Within the entries below, please return exactly the lines from the one with "2015-AutoSales-Infographic" through the one with "Logo+England_Football_Association.png 1,600×1,067 pixels", leaving out any pictures.

RECORDED INFORMATION:
::::::::::
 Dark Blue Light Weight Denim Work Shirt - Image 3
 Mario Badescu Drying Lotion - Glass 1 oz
::::::::::
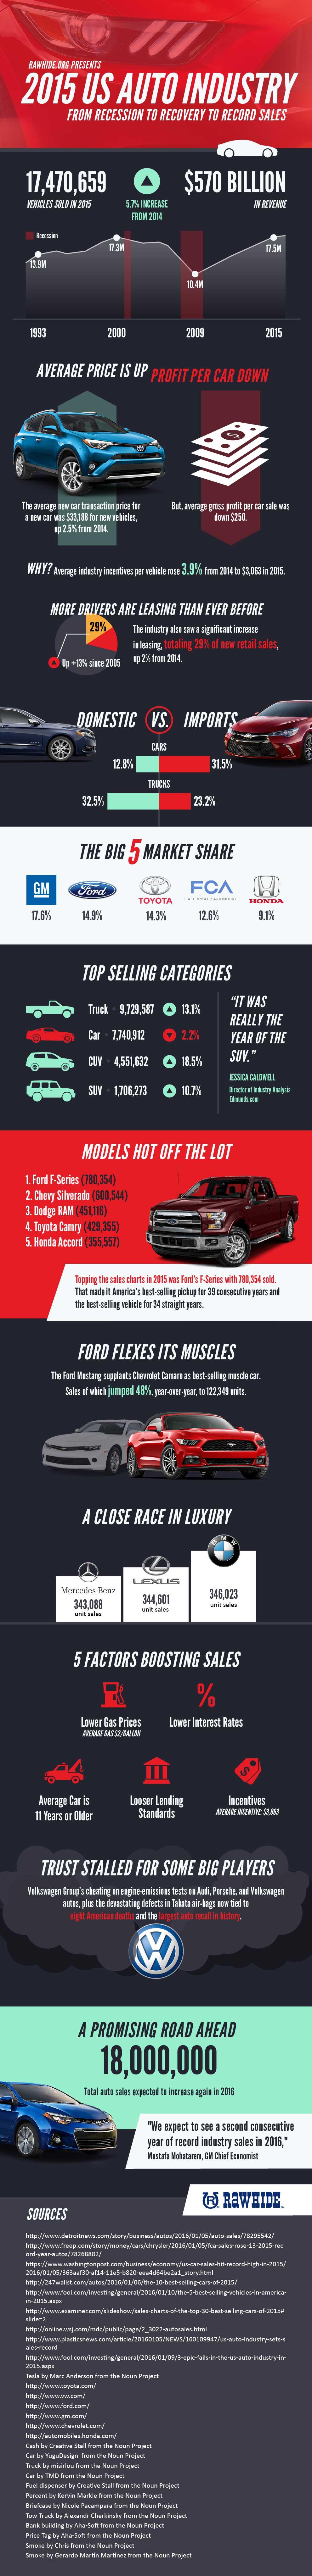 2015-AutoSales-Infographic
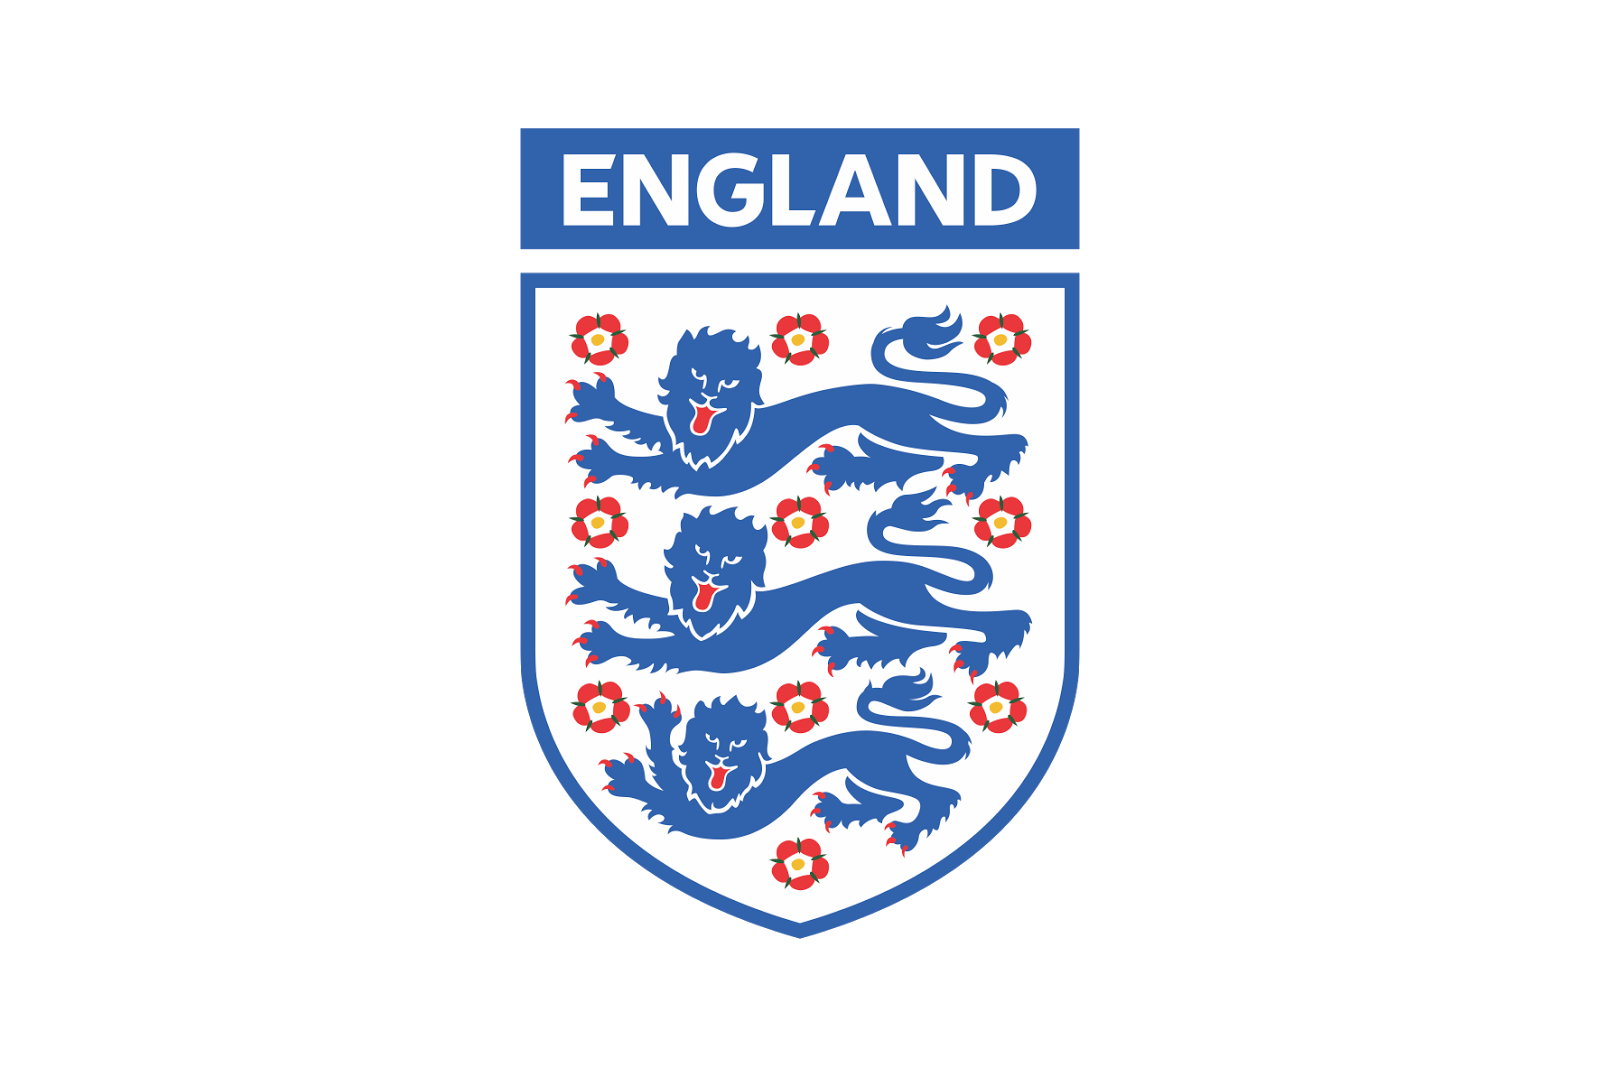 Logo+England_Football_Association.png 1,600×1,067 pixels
::::::::::
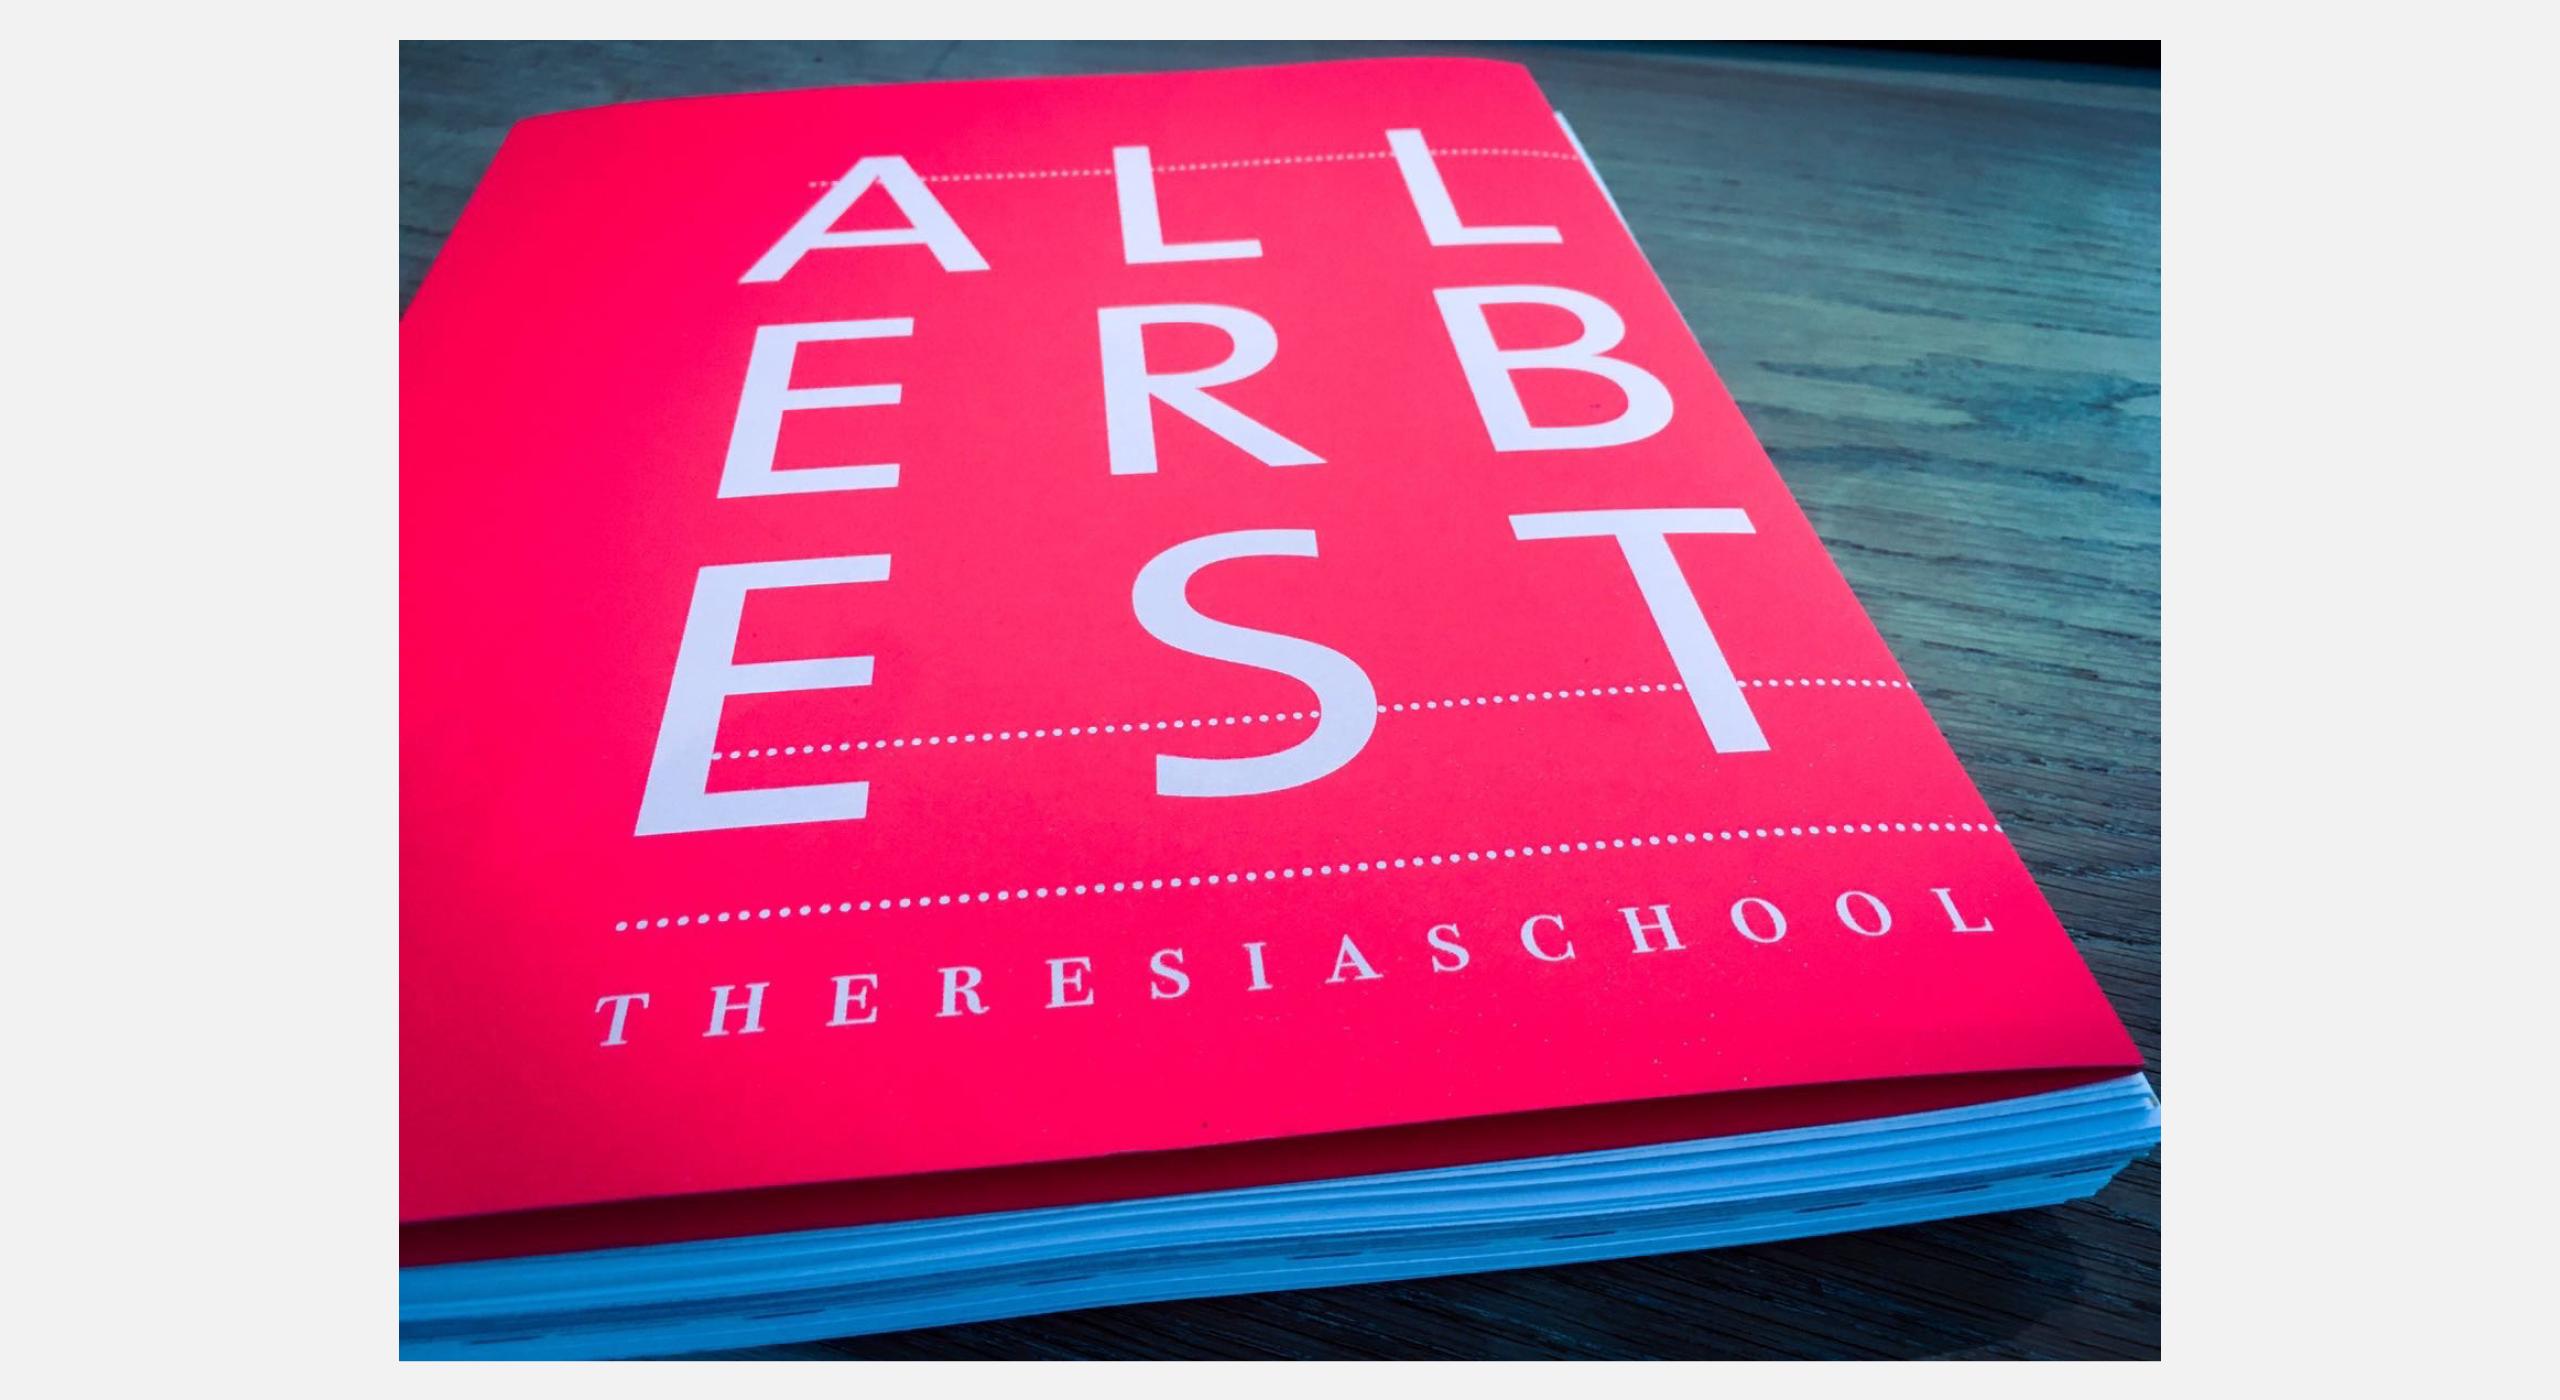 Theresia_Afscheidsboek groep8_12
::::::::::
RESPONSE FOR THIS EXERCISE:
 2015-AutoSales-Infographic
 Logo+England_Football_Association.png 1,600×1,067 pixels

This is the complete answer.